Complete step-by-step solution:
Step 1: First of all we have to obtain the value of $E(x)$ with the help of the formula (a) as mentioned in the solution hint. Hence, on substituting all the values in formula (a),
$E(x) = \left( {1 \times \dfrac{1}{m} + 2 \times \dfrac{2}{m} + 3 \times \dfrac{3}{m}.........m \times \dfrac{1}{m}} \right)$
On solving the expression obtained just above,
$E(x) = (1 + 2 + 3 + ............m) \times \dfrac{1}{m}..........................(1)$
Step 2: Now, to solve the expression (1) as obtained in the solution step 1 have to use the formula (b) as mentioned in the solution hint.
$
   \Rightarrow E(x) = \dfrac{{m(m + 1)}}{2} \times \dfrac{1}{m} \\
   \Rightarrow E(x) = \dfrac{{m + 1}}{2}.................(2) \\
 $
Step 3: Now, we have to find the value of $E({x^2})$ with the help of the formula (c) as mentioned in the solution hint. Hence, substituting all the values in the formula (c),
$ \Rightarrow E({x^2}) = \left( {{1^2} \times \dfrac{1}{m} + {2^2} \times \dfrac{2}{m} + {3^2} \times \dfrac{3}{m} + ....................{m^2} \times \dfrac{1}{m}} \right)$
On solving the expression obtained just above,
$ \Rightarrow E({x^2}) = ({1^2} + {2^2} + {3^2} + ......................{m^2}) \times \dfrac{1}{m}......................(2)$
Step 4: Now, to solve the expression as obtained in step 3 we have to use the formula (d) as mentioned in the solution hint. Hence,
$
   \Rightarrow E({x^2}) = \dfrac{{m(m + 1)(2m + 1)}}{6} \times \dfrac{1}{m} \\
   \Rightarrow E({x^2}) = \dfrac{{(m + 1)(2m + 1)}}{6}.....................(3)
 $
Step 5: Now, to find the value of X we have to use the formula (e) as mentioned in the solution hint so, we have to substitute the obtained expression (1) and expression (3) in the formula (e),
$ \Rightarrow E({x^2}) - {\left[ {E(x)} \right]^2} = \dfrac{{(m + 1)(2m + 1)}}{6} - \dfrac{{{{(m + 1)}^2}}}{4}$
Now, to find the value of X we have to take the L.C.M of the expression obtained just above,
$
   \Rightarrow X = \dfrac{{(m + 1)(4m + 2 - 3m - 3)}}{{12}} \\
   \Rightarrow X = \dfrac{{(m + 1)(m - 1)}}{{12}} \\
   \Rightarrow X = \dfrac{{{m^2} - 1}}{{12}}
 $
Final solution: Hence, with the help of the formula (a), (b), (c), and (d) we have obtained the value of X which is $ = \dfrac{{{m^2} - 1}}{{12}}$

Therefore option (B) is correct.

Note: Variance is a measurement of the spread between a given number of the data set that is, it measures how far each number in the set is from the mean and hence, from every other number in the set.
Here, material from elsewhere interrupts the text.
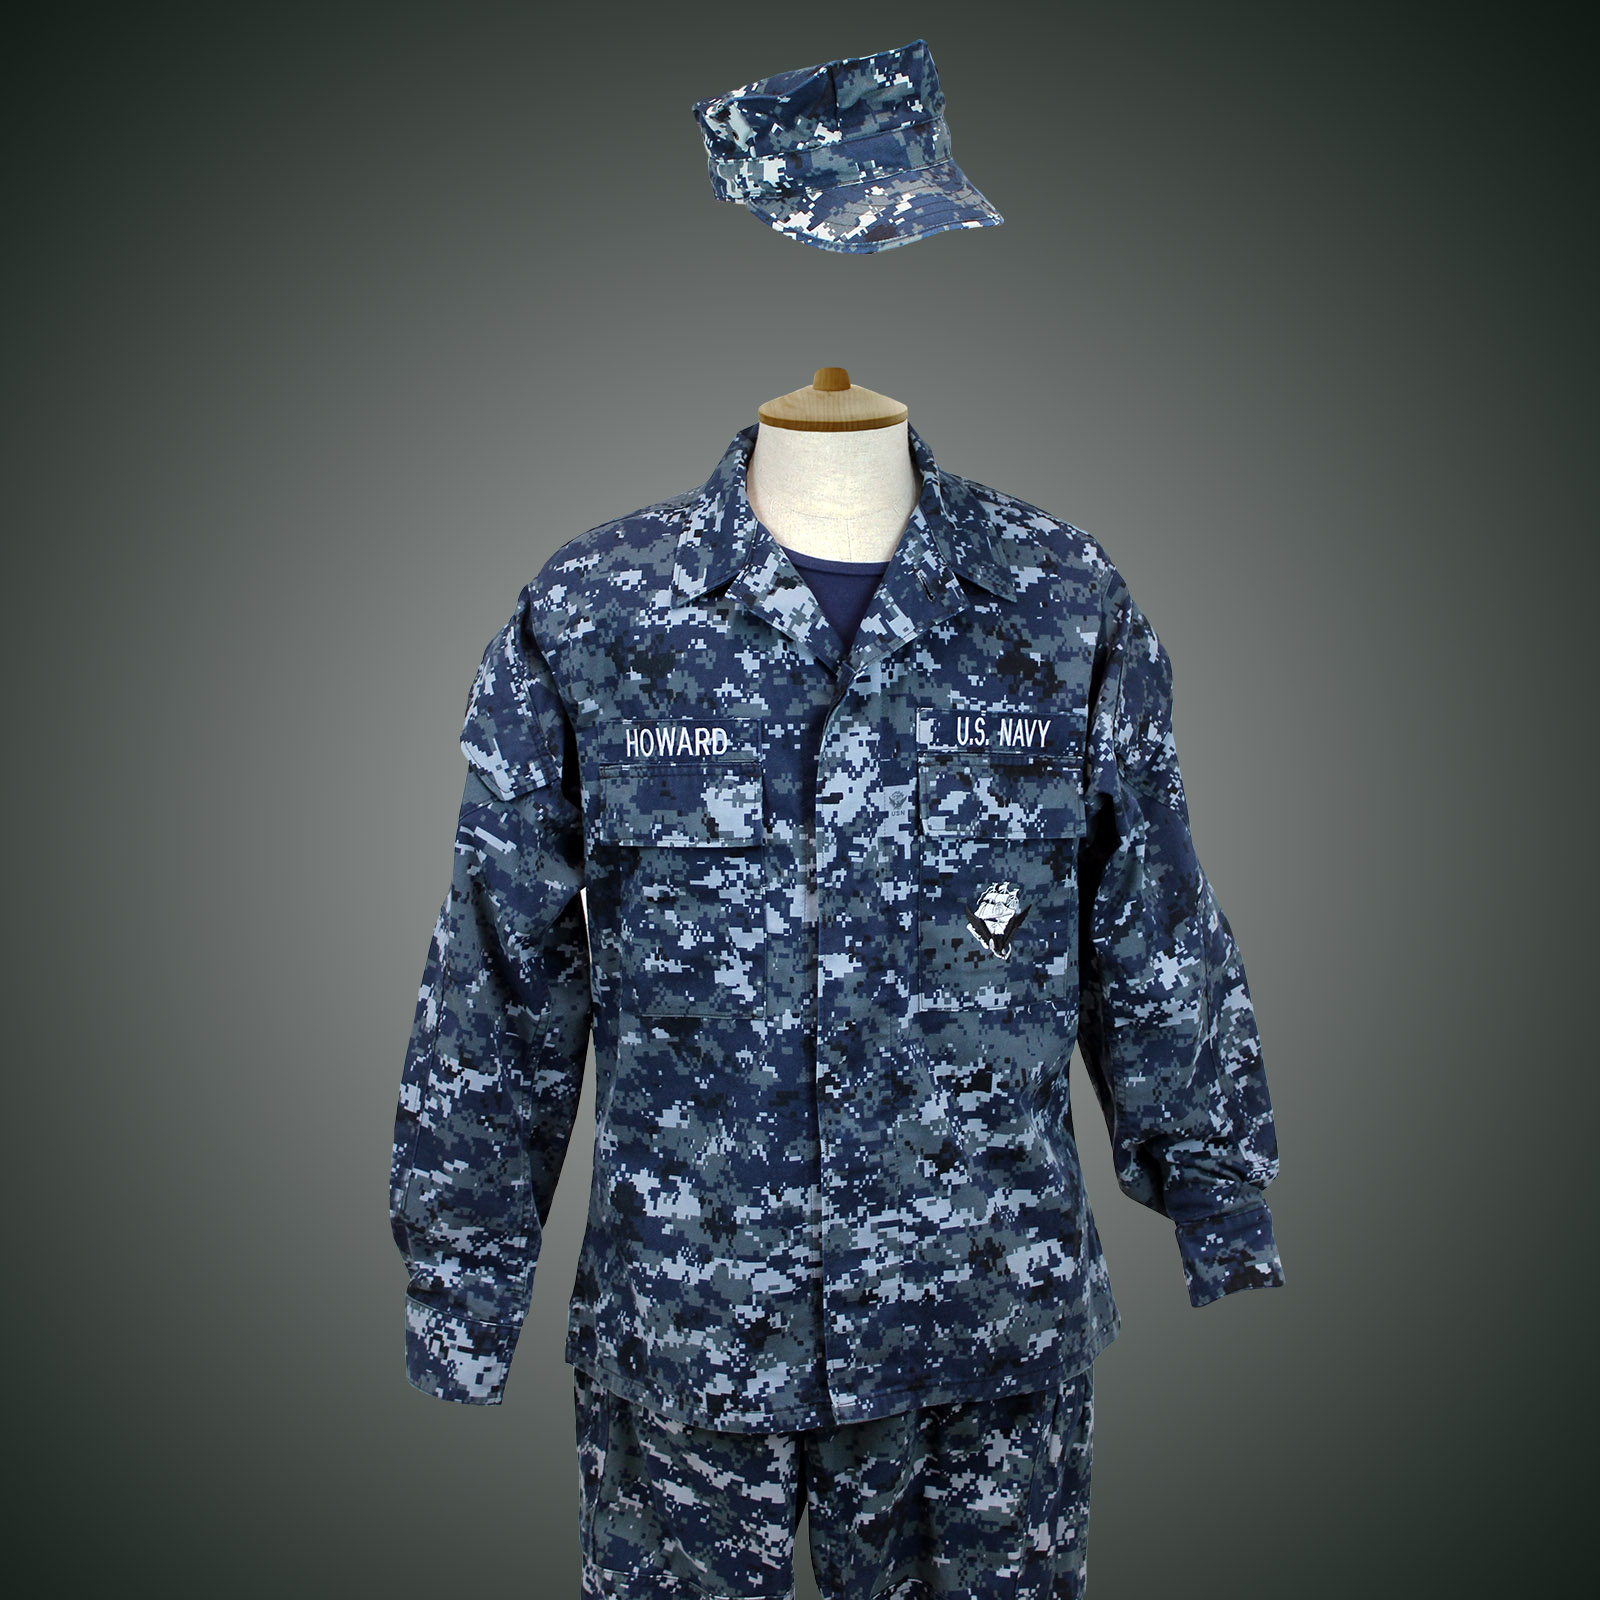 US Navy Tenue de service courant 2010s_ - La compagnie du costume

We can easily find the sum of all the natural number as (1, 2, 3, 4, ………………..n) with the help of $\dfrac{{n(n + 1)}}{2}$ and same as we can obtain the sum of all the squares of natural numbers as $({1^2},{2^2},{3^2},{4^2},............{n^2})$ with the help of $\dfrac{{n(n + 1)(2n + 1)}}{6}$.